Department of Cardiology, Ziekenhuis Oost-Limburg, Genk, Belgium.
Doctoral School for Medicine and Life Sciences, Hasselt University, Diepenbeek, Belgium.
Acta Cardiol. 2020 Jun;75(3):211-217. doi: 10.1080/00015385.2019.1569313. Epub 2019 Feb 8.
The choice of glucose lowering agent in heart failure (HF)-patients can have a strong effect on HF-related adverse events, with some classes increasing and other classes reducing the risk. Little data is available about the choice of glucose lowering agents in HF-patients with type-2-diabetes. We performed a cross-sectional single centre point analysis of all patients with both a diagnoses of HF and type-2-diabetes followed in a tertiary HF-clinic. Medical records were used to determine the choice of current glucose lowering agent. Data at the time of cross-sectional analysis was used to determine potential eligibility to a sodium-glucose-linked-transporter-2-inhibitor (SGLT2-inhibitor) based on the enrolment criteria of the EMPAREG-OUTCOME-trial. A total of 571 HF-patients with diabetes were assessed on June the first 2017. The majority of patients were either managed with one or two glucose lowering agents (43% respectively 34%), with metformin ( = 391;61%), Insulin ( = 278;49%) and sulfonylurea ( = 259;45%) being the most frequently employed treatments. SGLT2-inhibitor use was low ( = 7;1%). According to trial criteria 184 patients (32%) qualified for an SGLT2-inhibitor. With main reasons for ineligibility being a HbA1C < 7% ( = 324) or a glomerular-filtration-rate <30 ml/min ( = 154; of whom 101 patients overlapped with HbA1C < 7%). However 54% of patients with a HbA1C < 7% were treated with ≥2 glucose lowering agents from a class other than SGLT-2-inhibiton. Despite potential eligibility, SGLT2-inhibition remains an underused glucose lowering agent in this contemporary HF-population. Additional research is necessary on optimising its implementation in clinical practice, which might include switching glucose lowering therapies in patients at HbA1C-target.

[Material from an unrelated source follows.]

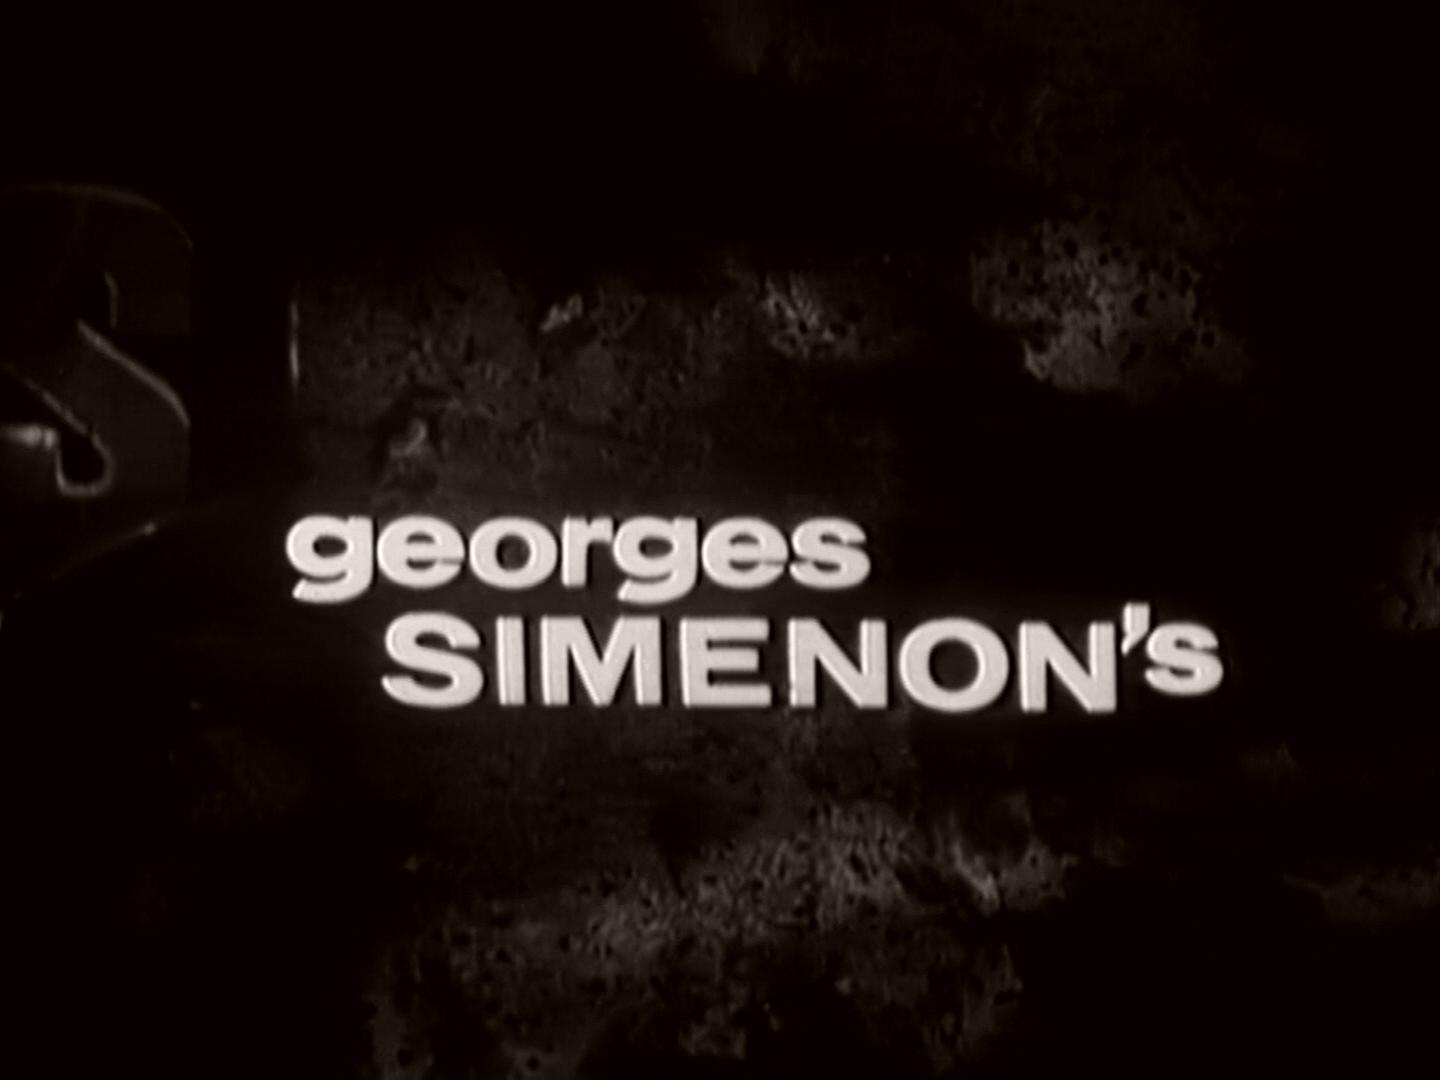 Main title from Maigret (1960-63) (1). Georges Simenon’s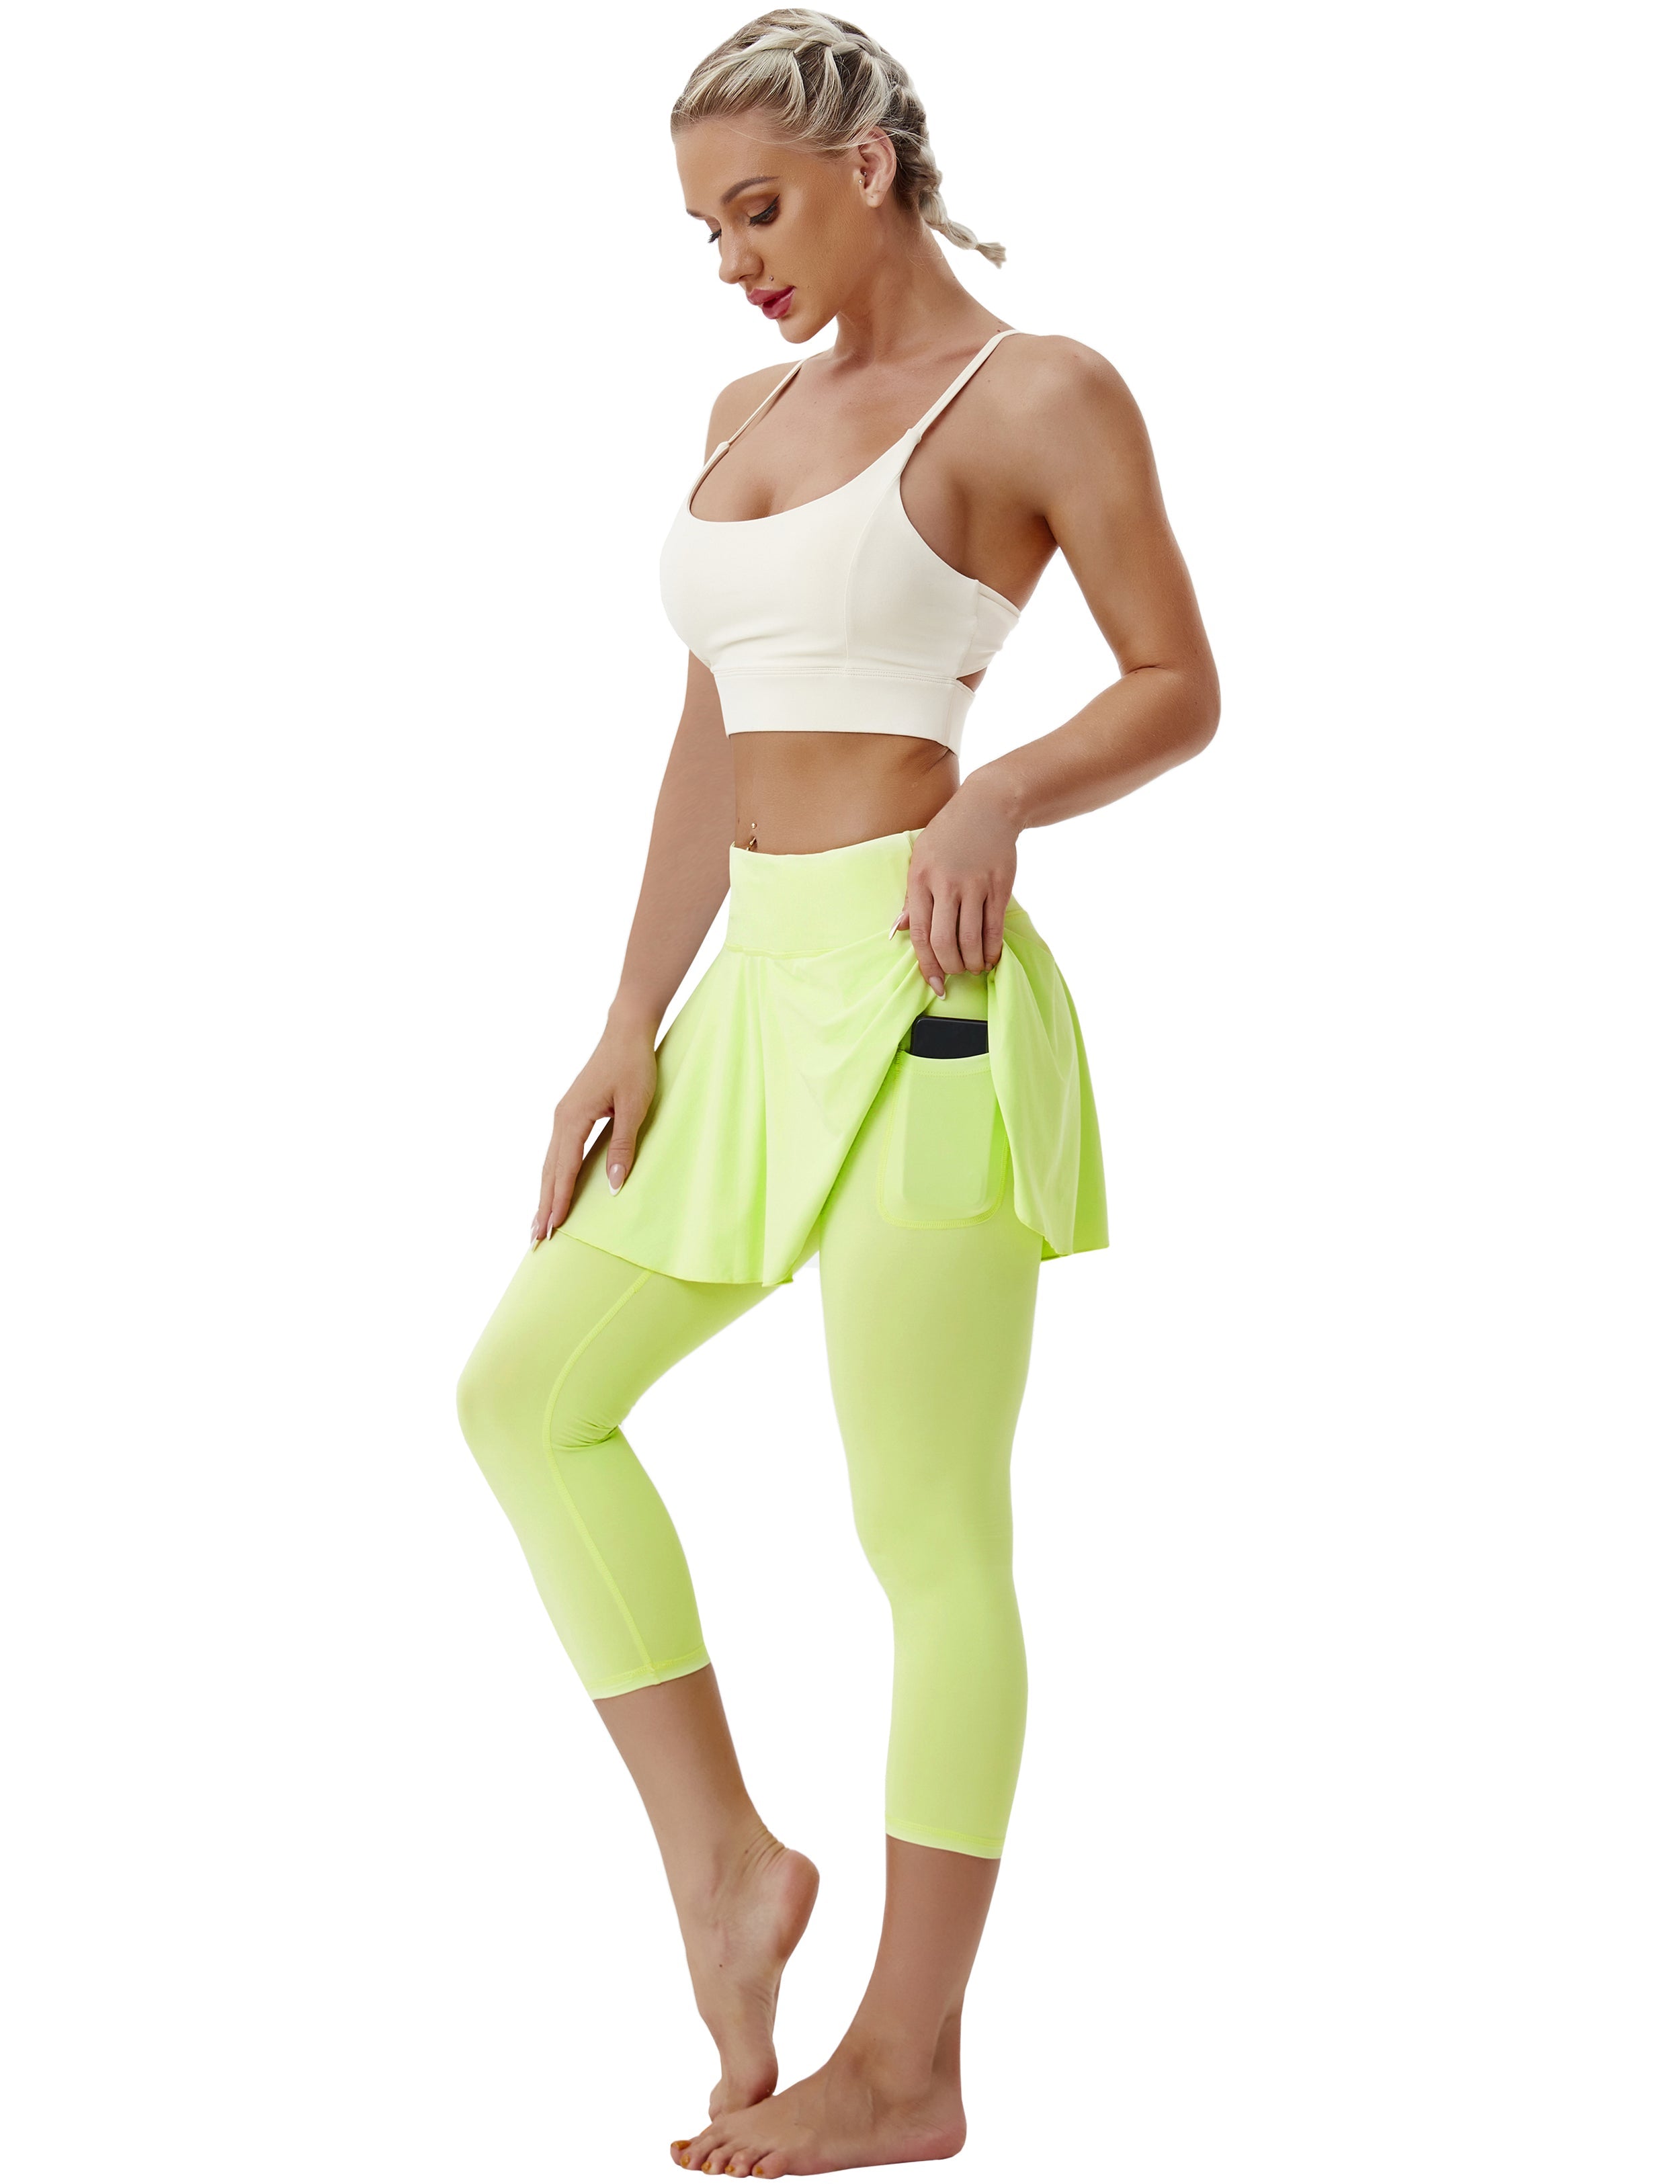 19" Capris Tennis Golf Skirted Leggings with Pockets neonyellow 80%Nylon/20%Spandex UPF 50+ sun protection Elastic closure Lightweight, Wrinkle Moisture wicking Quick drying Secure & comfortable two layer Hidden pocket

在心力衰竭 (HF) 患者中,选择降血糖药物会对与 HF 相关的不良事件产生重大影响,某些类别会增加风险,而其他类别则会降低风险。关于伴有 2 型糖尿病的 HF 患者选择降血糖药物的数据很少。我们对在三级 HF 诊所就诊的所有同时患有 HF 和 2 型糖尿病的患者进行了一项横断面单中心分析。使用病历确定当前降血糖药物的选择。使用横断面分析时的数据来确定根据 EMPAREG-OUTCOME 试验的入组标准是否有资格使用钠-葡萄糖共转运蛋白 2 抑制剂 (SGLT2 抑制剂)。2017 年 6 月 1 日评估了 571 名 HF 合并糖尿病患者。大多数患者要么接受一种或两种降血糖药物治疗(分别为 43%和 34%),最常使用的治疗方法是二甲双胍( = 391;61%)、胰岛素( = 278;49%)和磺脲类( = 259;45%)。SGLT2 抑制剂的使用较低( = 7;1%)。根据试验标准,184 名患者(32%)有资格使用 SGLT2 抑制剂。不合格的主要原因是 HbA1C<7%( = 324)或肾小球滤过率 <30ml/min( = 154;其中 101 名患者与 HbA1C<7%重叠)。然而,54%的 HbA1C<7%患者使用的是除 SGLT-2 抑制剂以外的其他类别降血糖药物。尽管有潜在的资格,但在当代 HF 人群中,SGLT2 抑制剂仍然是一种使用不足的降血糖药物。需要进一步研究优化其在临床实践中的应用,这可能包括在 HbA1C 目标的患者中转换降血糖治疗。